In this video from the 2016 Stanford HPC Conference, Michael Jennings from LBNL presents: Node Health Check (NHC) Project Update.
“In this follow-up to his 2014 presentation at the Stanford HPCAC Conference, Michael will provide an update on the latest happenings with the LBNL NHC project, new features in the latest release, and a brief overview of the roadmap for future development.”
TORQUE, SLURM, and other schedulers/resource managers provide for a periodic “node health check” to be performed on each compute node to verify that the node is working properly. Nodes which are determined to be “unhealthy” can be marked as down or offline so as to prevent jobs from being scheduled or run on them. This helps increase the reliability and throughput of a cluster by reducing preventable job failures due to misconfiguration, hardware failure, etc.

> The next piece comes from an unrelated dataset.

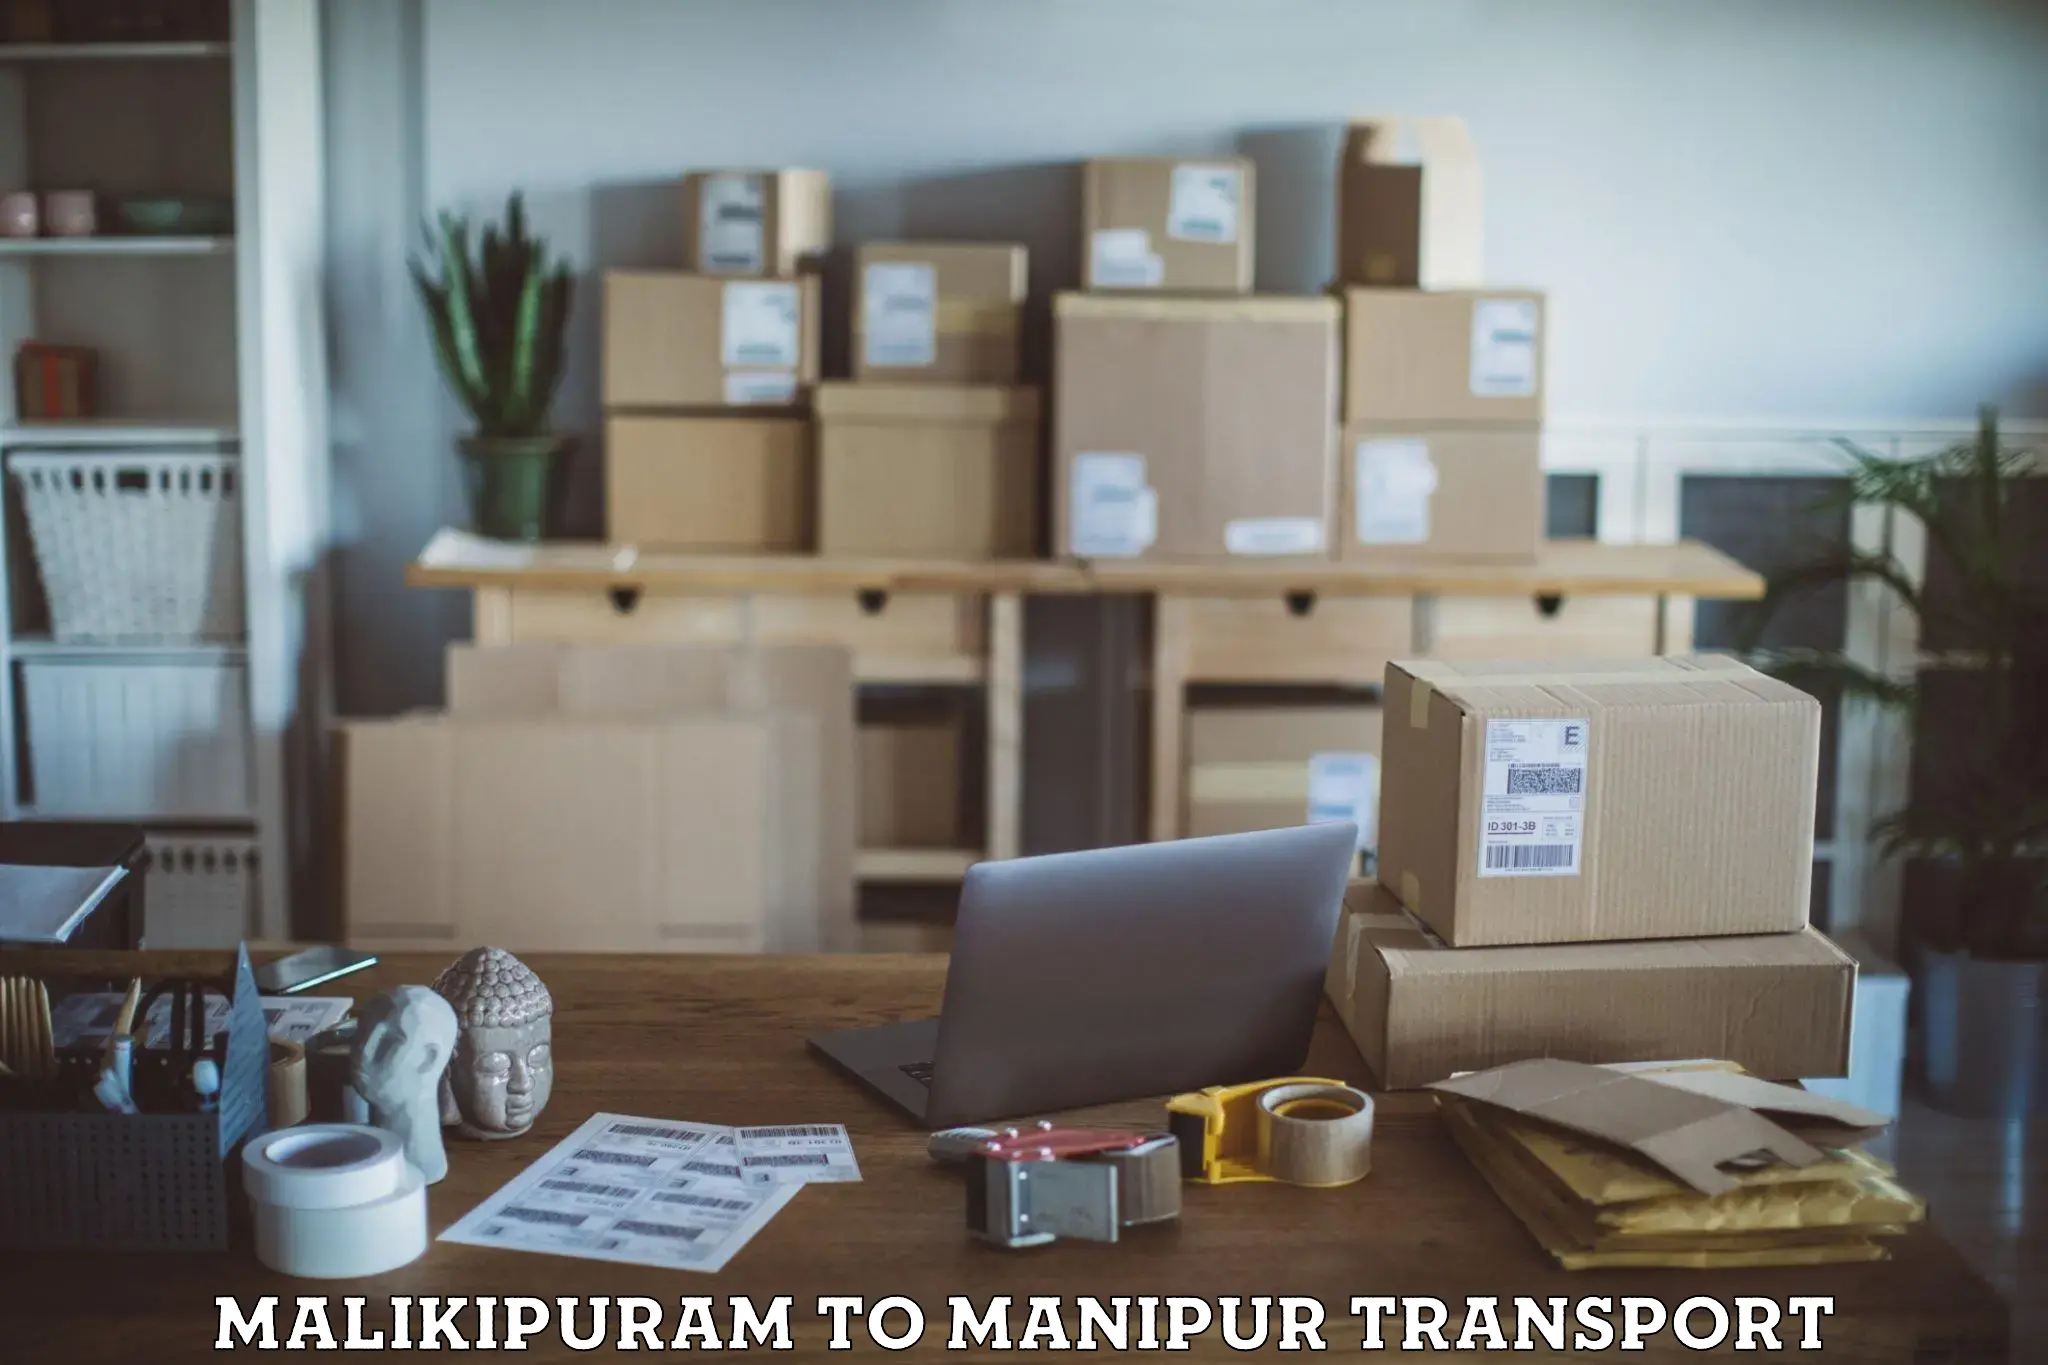 Container transport service Malikipuram to Kanti

Though many sites have created their own scripts to serve this function, the vast majority are one-off efforts with little attention paid to extensibility, flexibility, reliability, speed, or reuse. Developers at Lawrence Berkeley National Laboratory created this project in an effort to change that. LBNL Node Health Check (NHC) has several design features that set it apart from most home-grown solutions:
- Reliable – To prevent single-threaded script execution from causing hangs, execution of subcommands is kept to an absolute minimum, and a watchdog timer is used to terminate the check if it runs for too long.
- Fast – Implemented almost entirely in native
bash(2.x or greater). Reducing pipes and subcommands also cuts down on execution delays and related overhead.
- Flexible – Anything which can be described in a shell function can be a check. Modules can also populate cache data and reuse it for multiple checks.
- Extensible – Its modular functional interface makes writing new checks easy. Just drop modules into the scripts directory, then add your checks to the config file!
- Reusable – Written to be ultra-portable and can be used directly from a resource manager or scheduler, run via cron, or even spawned centrally (e.g., via
pdsh). The configuration file syntax allows for all compute nodes to share a single configuration.
Michael Jennings has been a UNIX/Linux Systems Administrator and a C/Perl developer for 20 years and has been author of or contributor to numerous open source software projects including Eterm, Mezzanine, RPM, Warewulf, and TORQUE. Additionally, he co-founded the Caos Foundation, creators of CentOS, and has been lead developer on 3 separate Linux distributions. He currently works as a Senior HPC Systems Engineer for Lawrence Berkeley National Laboratory and is the primary author/maintainer for the LBNL Node Health Check (NHC) project. He has also served for 2 years as President of SPXXL, the extreme-scale HPC users group.